Andrew Wiggins was criticized after Kansas' elimination.  (USATSI)
Andrew Wiggins was criticized after Kansas' elimination. (USATSI)

More NBA draft: Thursday stock watch | Weekend Prospects | Jabari Parker

Andrew Wiggins lost. 

In a round-of-32 game against upstart Stanford, Andrew Wiggins, who many feel is the best pick in the draft, finished with six field goal attempts, four points, four turnovers, one assist, and a very big anchor around his neck. 

Let me sum up the narratives that immediately, and I mean, immediately erupted in the media after the game. And not just from pundits who love to make a name for themselves, either. Former players, coaches, lots of folks. 

"Andrew Wiggins needs to stay another year because clearly he is not ready for the NBA because in a guard-heavy system under a coach who has consistently shown that he does better developing underrated talent than pushing the limits of a top-end prospect, he failed to advance past two rounds in one-and-done tournament at age 19." 

Welcome to 2014, where everything is dead before it begins. 

Let's take a moment and step away from Narrativeville, Population: Cranky Old Dudes. 

Maybe you're new here, and you're wondering "What's so special about the kid? He only shot six times, and he was a non-factor in a loss. Why is everyone so excited about him?"

Well, here's a good place to start. 

That's a block, full-court sprint and alley-oop finish from a leap from the second stripe in five seconds. Athleticism can be overrated, especially in the draft. But elite athleticism like that is the foundation of a capable NBA All-Star. The skilled guys are usually, not always, but usually guys who had an athletic bedrock and built their abilities around it. Wiggins has that bedrock and plenty of work started on the abilities side of it, too. 

So then what happened? 

Look, I'm not here to outright defend Andrew Wiggins. Throughout the season, he was cast with the label of being too passive. He would drift. Some 19 year-olds come in and have the mental makeup to tell older, more established guys "I want the ball, give it to me, I've got this." Others have to work their way into it. And maybe Wiggins will struggle with the same problem in a locker room full of older guys in the NBA. 

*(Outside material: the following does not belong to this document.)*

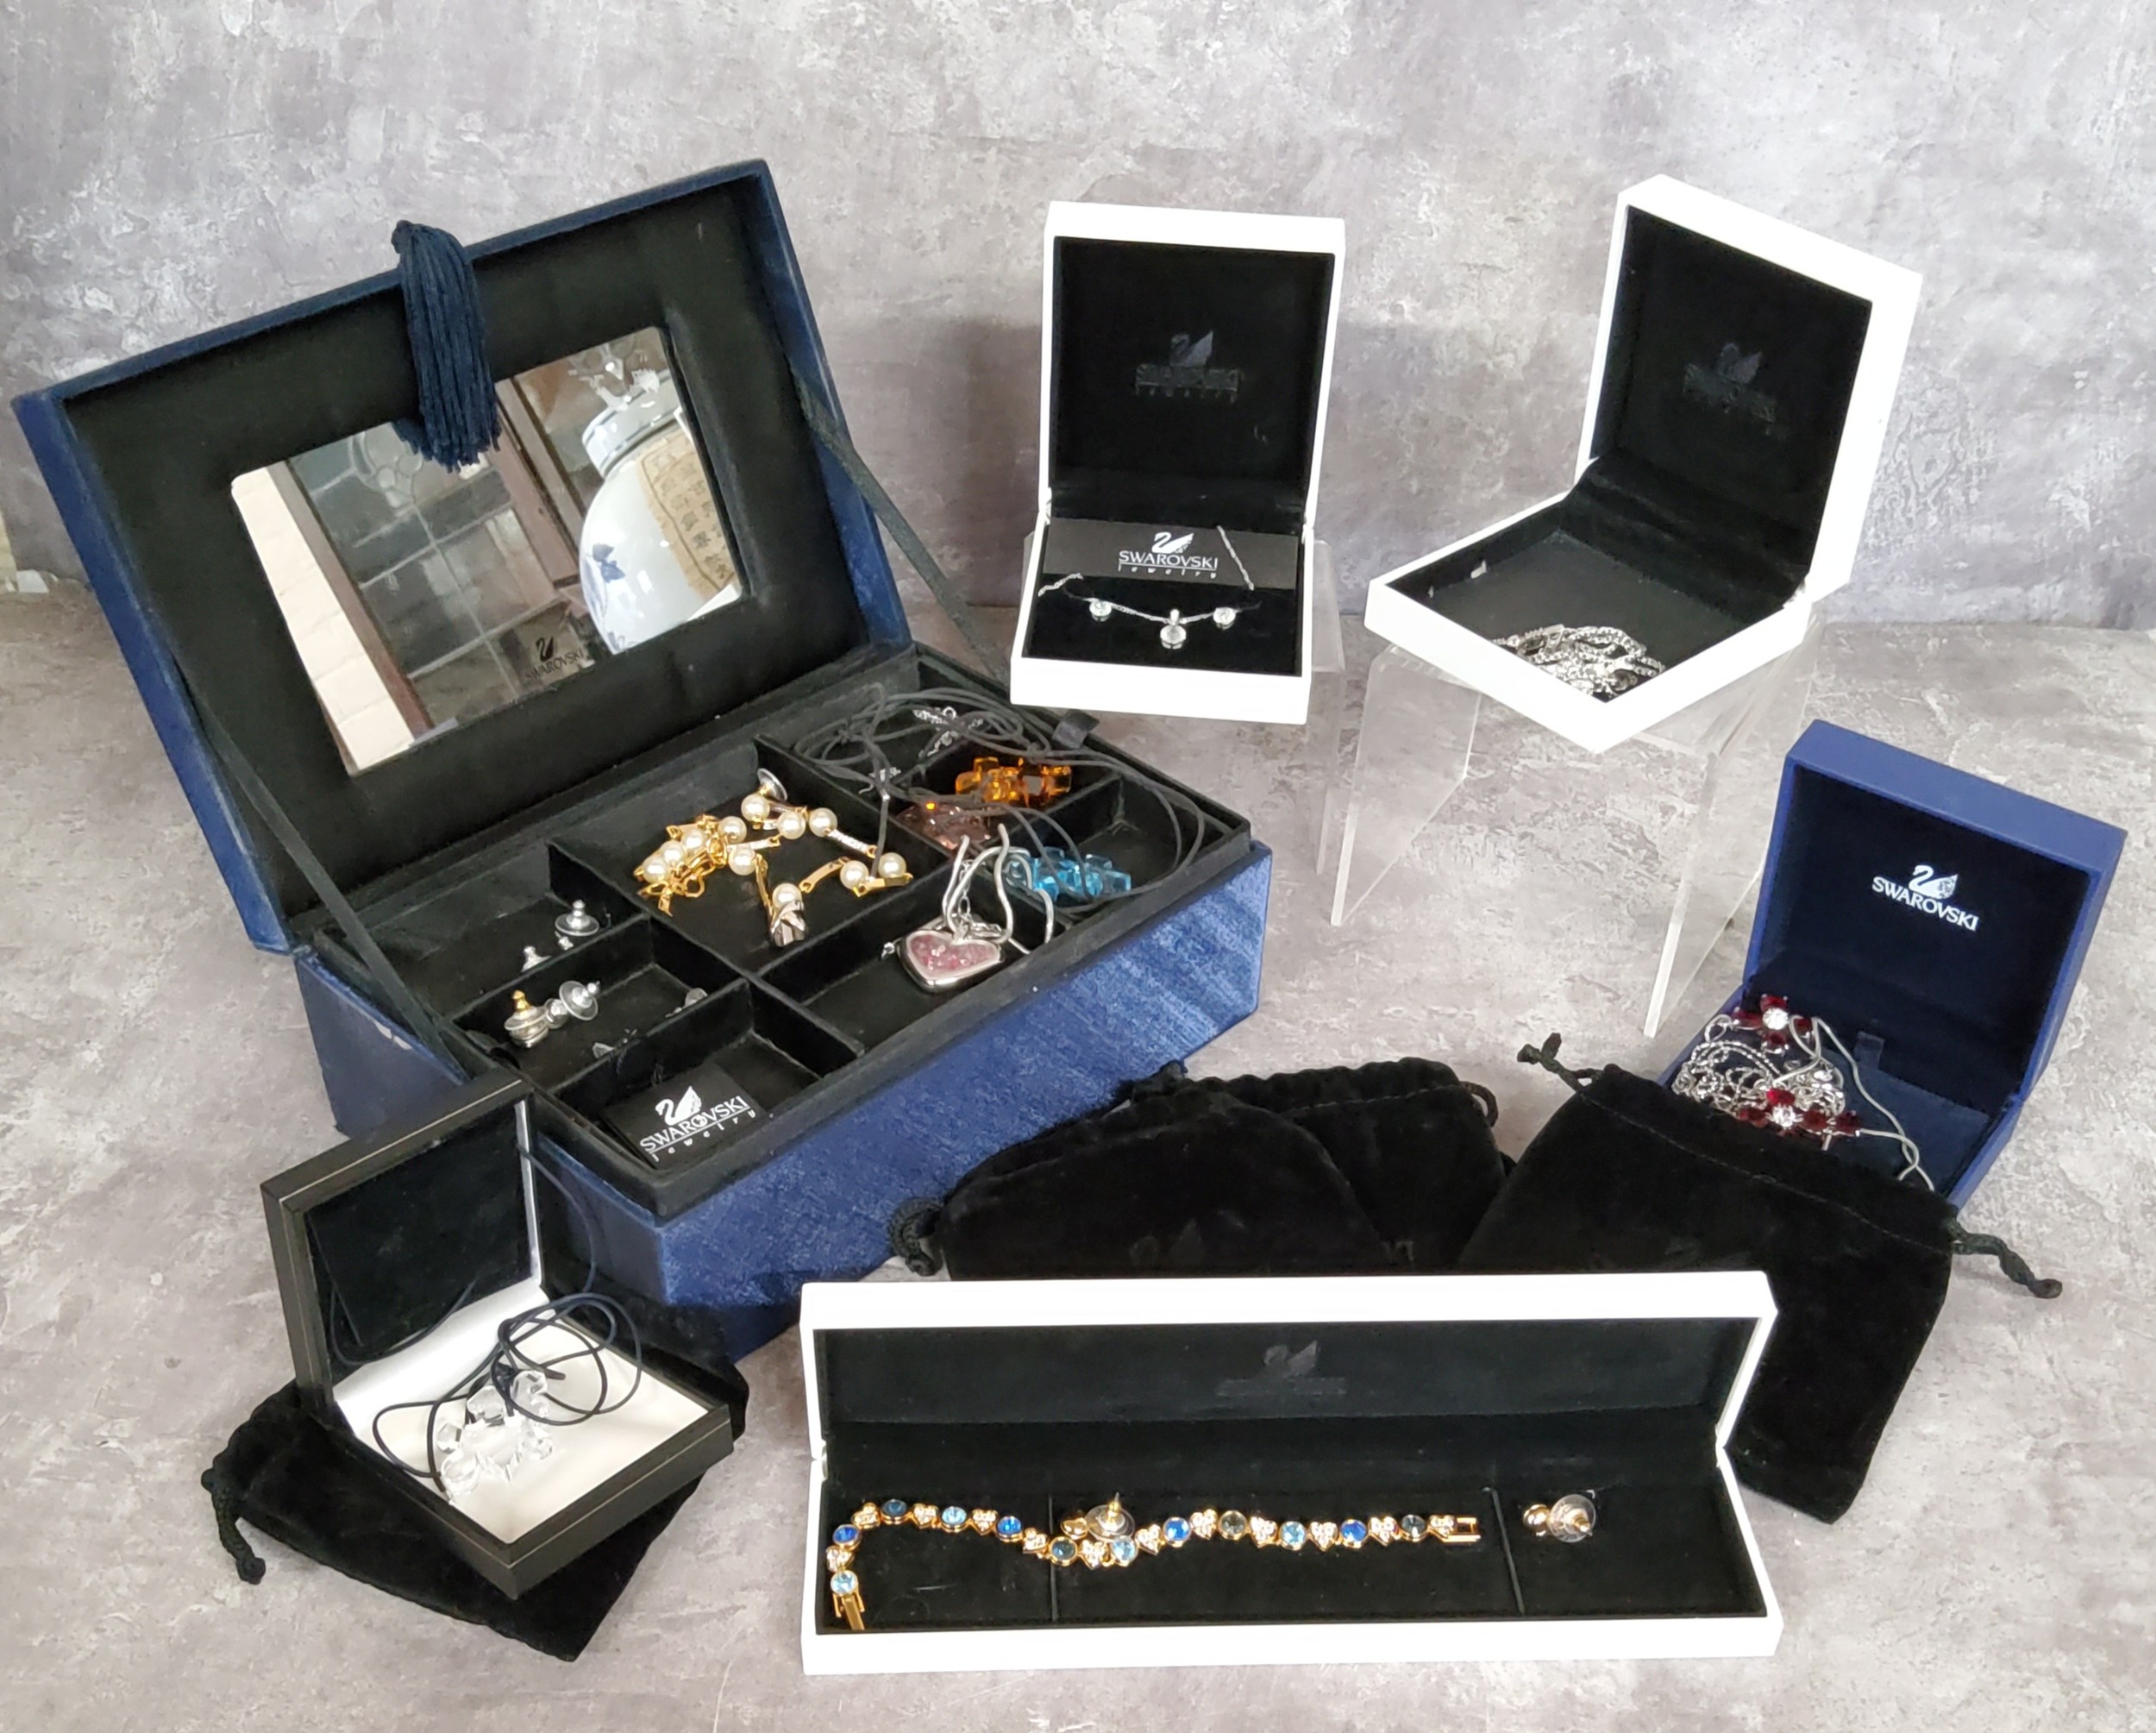 Swarovski Jewelery (sic) including a clear, an amber & a blue crystal jigsaw piece necklaces;
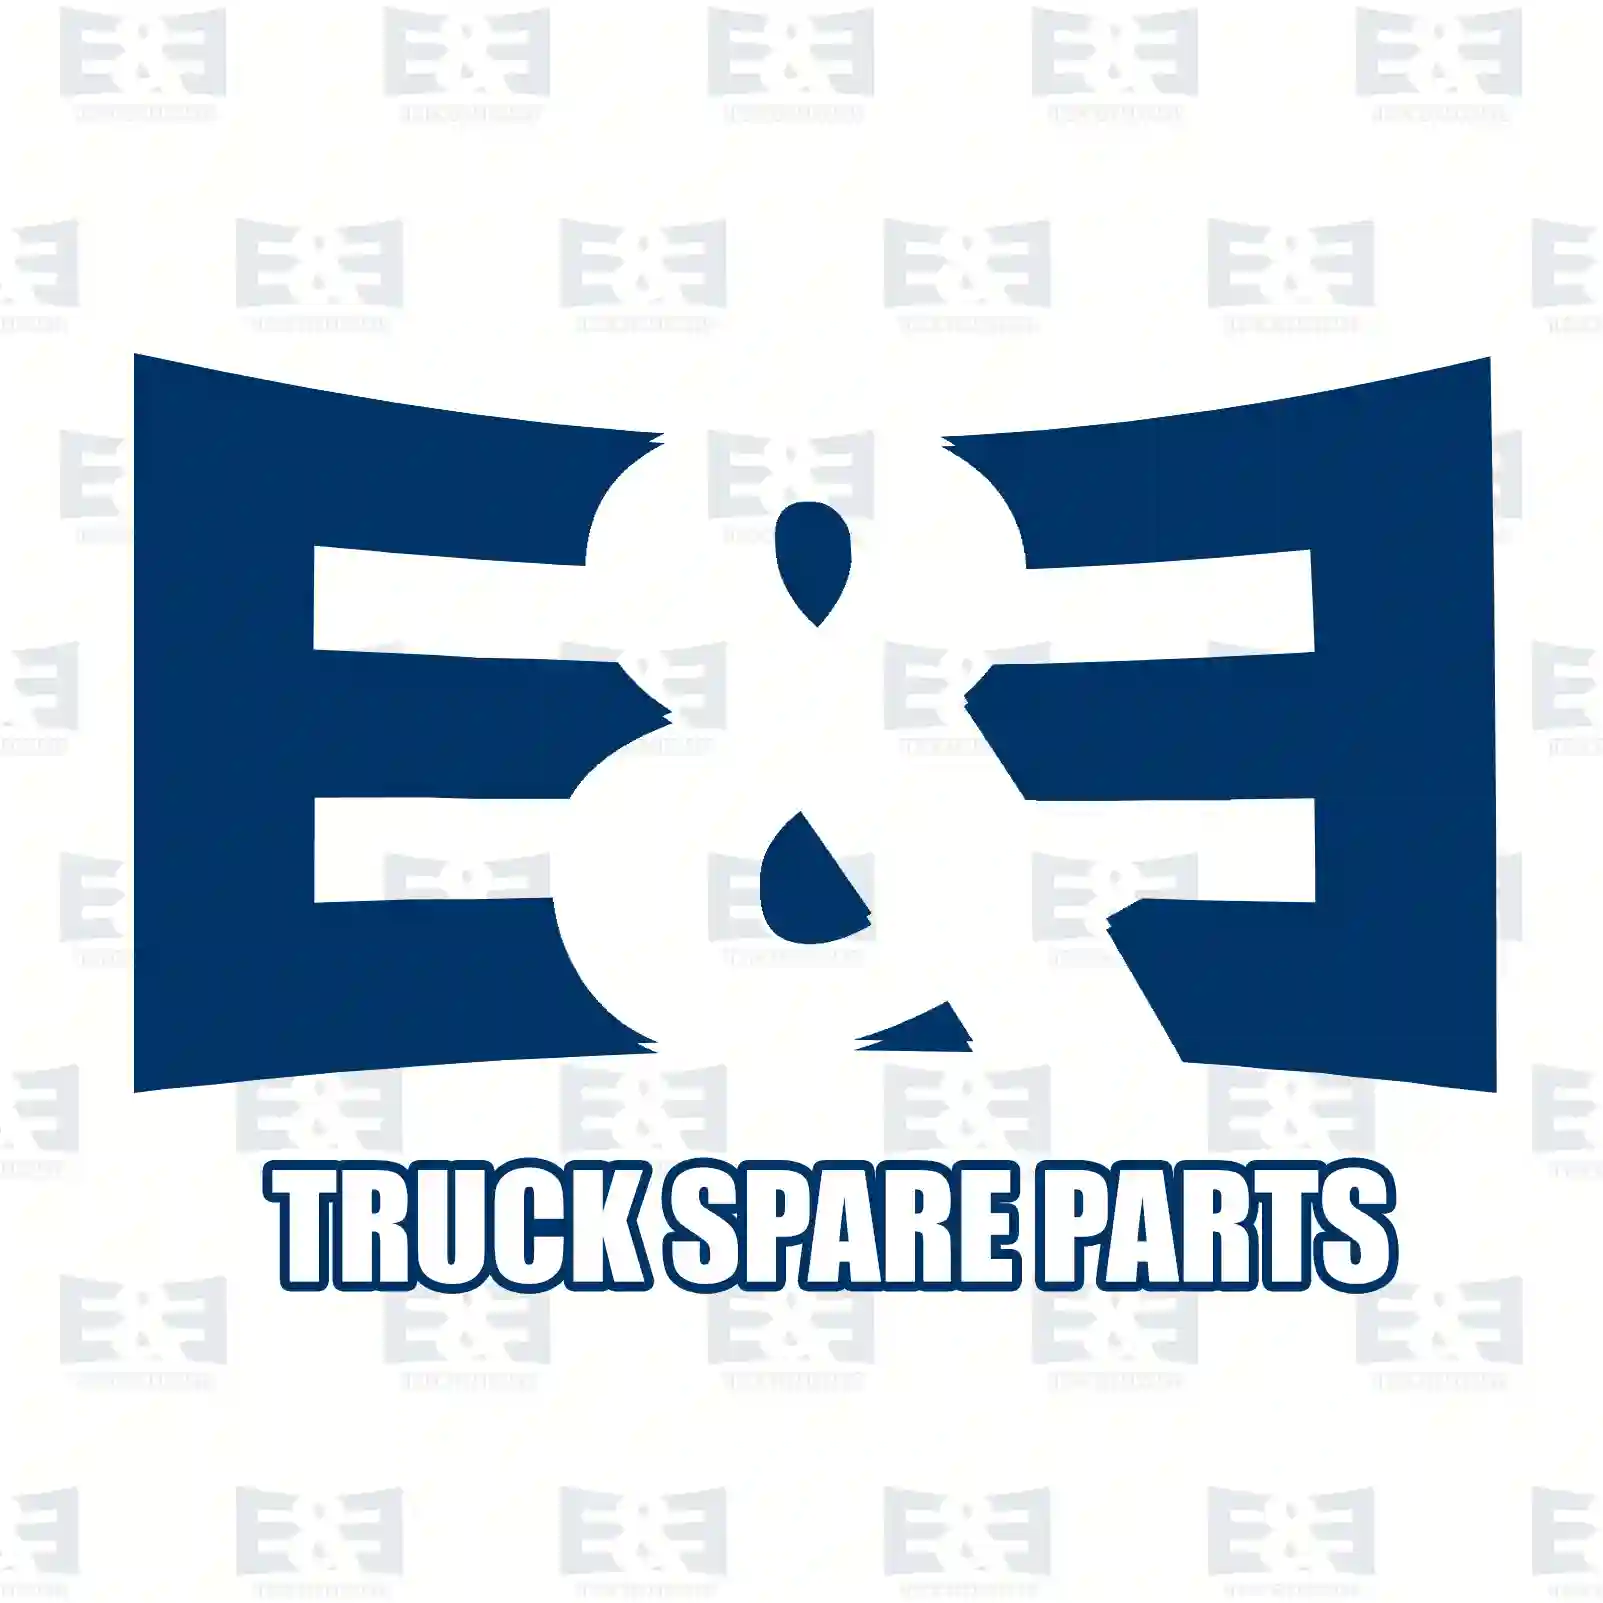 Step well case, right, 2E2291989, 9736663601, 97366 ||  2E2291989 E&E Truck Spare Parts | Truck Spare Parts, Auotomotive Spare Parts Step well case, right, 2E2291989, 9736663601, 97366 ||  2E2291989 E&E Truck Spare Parts | Truck Spare Parts, Auotomotive Spare Parts

But we hammer Carmelo Anthony for not playing a team game, for playing too much isolation, for being a black hole, and then we blame Andrew Wiggins because he tried to work within the set of the offense? 

Bill Self is arguably the best coach in college basketball. You live in Kansas City for two years, you learn how incredible of a coach he is. He gets through to the kids, he builds them as a team, he wins game after game after game, conference title after conference title. 

Former KU forward Darrell Arthur said this week that playing for Bill Self helps make guys better pros long-term because of what they learn at KU. I think that's absolutely true. They learn a deeper, more fundamental understanding of how to succeed in team basketball, how to be a professional, how to conduct themselves. 

But the fact remains that top talent recruits have not only been rare a KU, when they've played under Self their draft stock has plummeted. His system is conducive to winning games, to winning titles. It's not the best for showcasing talent, especially not on the wing. 

I went back through KU's possessions in the second half of the loss to Stanford expecting to find that Wiggins really was too passive. That he deserves the blame for not forcing the issue. The evidence paints a different picture. 

(Tangent: Can we maybe take a second and recognize that maybe, just maybe, Stanford just played better? They rebounded well, they executed a zone against a team that couldn't stretch the floor, and they made plays. Sometimes this stuff happens. Sometimes the other guys are just better and it doesn't have to be a reflection on one player's entire career. This is the crux of my point.)

This was the one that stuck out to me the most. Wiggins nabs the offensive rebound. He's covered by two guys. Is he supposed to force it up there? He kicks it out and the offense resets. He tries to get the ball back, he's ready, he's calling for the ball. 

Nope. Nothing. Sorry. Meanwhile, the possession ends in a highly contested layup attempt over two bigger players. 

Here, a teammate literally has to tell his point guard by pointing to get him the ball. Wiggins winds up drawing a foul. 

This was an awful possession for Wiggins. He takes the ball and just tries to create too much through the zone, getting stripped and the resulting tie-up has a Stanford possession arrow. 

Wiggins spreads the floor here, finds a seam and puts up a quality shot. He doesn't airball, he doesn't badly miss. He just rims out. Basketball. 

There's a steal and Wiggins bolts to the rim. He has a lob opportunity. The move to try and find the open outside shooter might be the smart one... if the shooter shoots. He doesn't. 

This is not the play of a player who lacks leadership or motivation. There are legit reasons to lean towards one of the other prospects. But before we bury Wiggins under overhyped labels, maybe consider how we got here and why we shouldn't overreact to a single game. After all, Rock Chalk and all that.